Твинсена сразили слова северянки. Её прямота и рассудительность. Он ощутил, как против его воли, у него растёт любопытство. Она не совсем верно угадала, о чём он собирался разговаривать с ней. Но последняя её фраза, показалась интересной, чтобы продолжить тему.
– Ты думаешь, что любовные чувства можно контролировать? Что можно усилием воли избежать увлечения? Я полагал, юные девы исповедуют правило «сердцу не прикажешь».
– Я смогла приказать сердцу забыть, когда любимый предал, – снова поразила убийственной прямотой северянка. – Но боль была куда бы меньшей, если бы я сразу знала, что не нужна этому человеку. Думаю, Ваше Высочество, вы согласитесь со мной, если бывали когда-нибудь влюблены. Случалось с вами такое?
– Влюблённость? Случалось. Когда мне было двенадцать.
Твинсен невольно улыбнулся. Всё-таки северянке удалось заставить его губы растянуться.
– И кем же была эта юная дева? Надеюсь, она не разбила вам сердце?
Эта юная дева была необыкновенно похожа на ту, с кем сейчас беседует Твинсен. Особенно глаза. Будто его давнишняя юношеская фантазия ожила. Она даже разговаривала так, как ему когда-то представлялось. Просто и смело – на равных.

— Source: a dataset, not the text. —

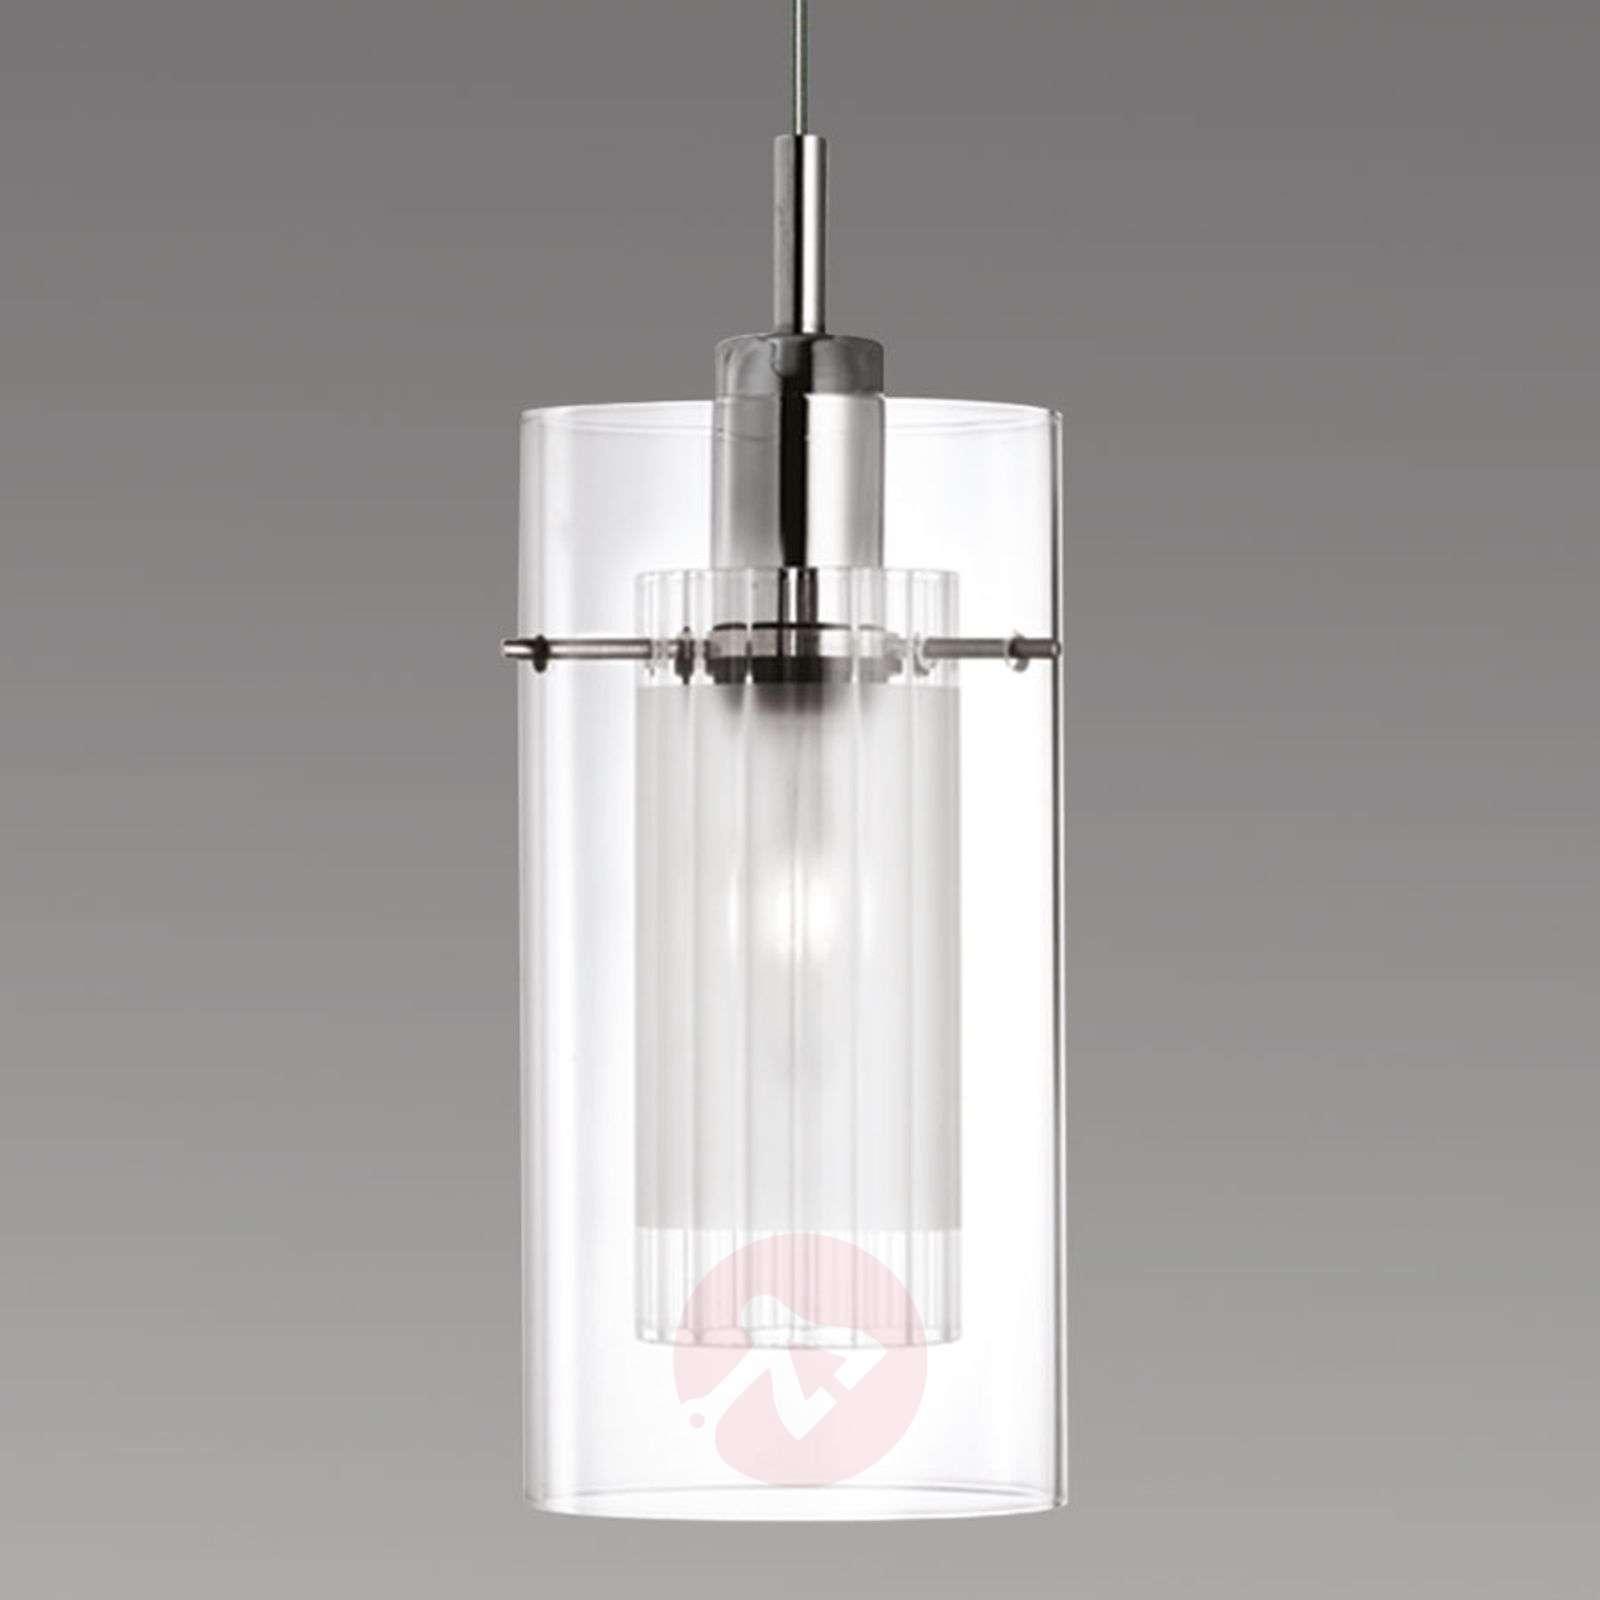 Decorative Duo 1 hanging light, 1-bulb-8570304-01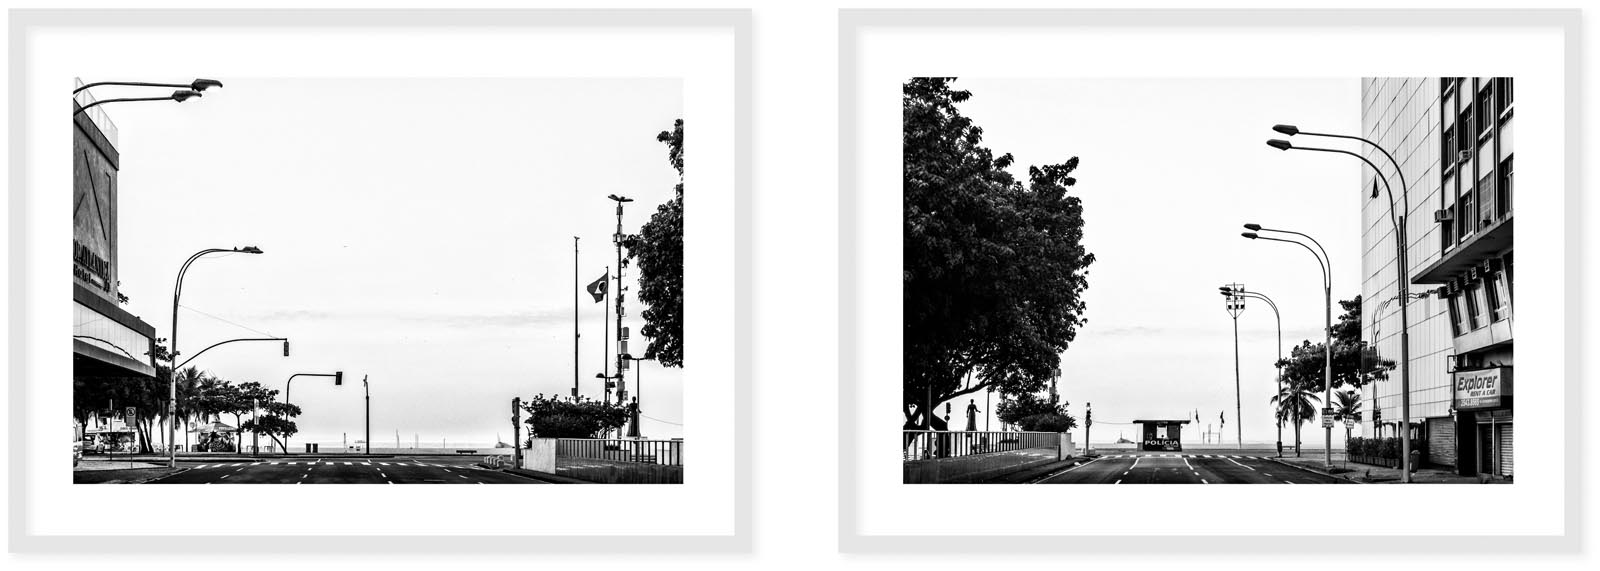 Martin Ogolter: Avenida Princesa Isabel

– Нет, моё сердце осталось целым, – ответил Твинсен только на вторую часть вопроса.
– Вот и за моё можете не волноваться, Ваше Высочество. Оно продолжит биться ровно и спокойно. Я прекрасно уяснила свою роль на фестивале.
Слова задели. Почему? Это говорит уязвлённое самолюбие? Твинсен не знал. Но совершенно явственно ощутил, что ему хотелось бы, чтобы северянка им увлеклась. В его юношеских фантазиях та дева с портрета отвечала ему взаимностью. Позволяла поцелуи и другие вольности. Но что фантазии по сравнению с тем, каким бы сладким оказался поцелуй вживую?
Взгляд замер на её губах. Их форма была точь-в-точь, что отложилась в памяти, только они были чуть более пухлыми и ещё более соблазнительными… И всё же почему северянка так похожа на ту – с портрета двухвековой давности?
– Анабель, расскажи мне, откуда ты родом. Кто твои родители?
Вопрос ей не понравился. Впервые за всё время разговора она напряглась.
– Я сирота. Мне больно вспоминать о родных. Была бы благодарна, если бы мы не стали касаться этой темы.
Твинсен тут же извинился. Сам рос без матери, и понимал чувства северянки.
– Позволите идти, Ваше Высочество? Я ещё не имела возможности передохнуть с дороги.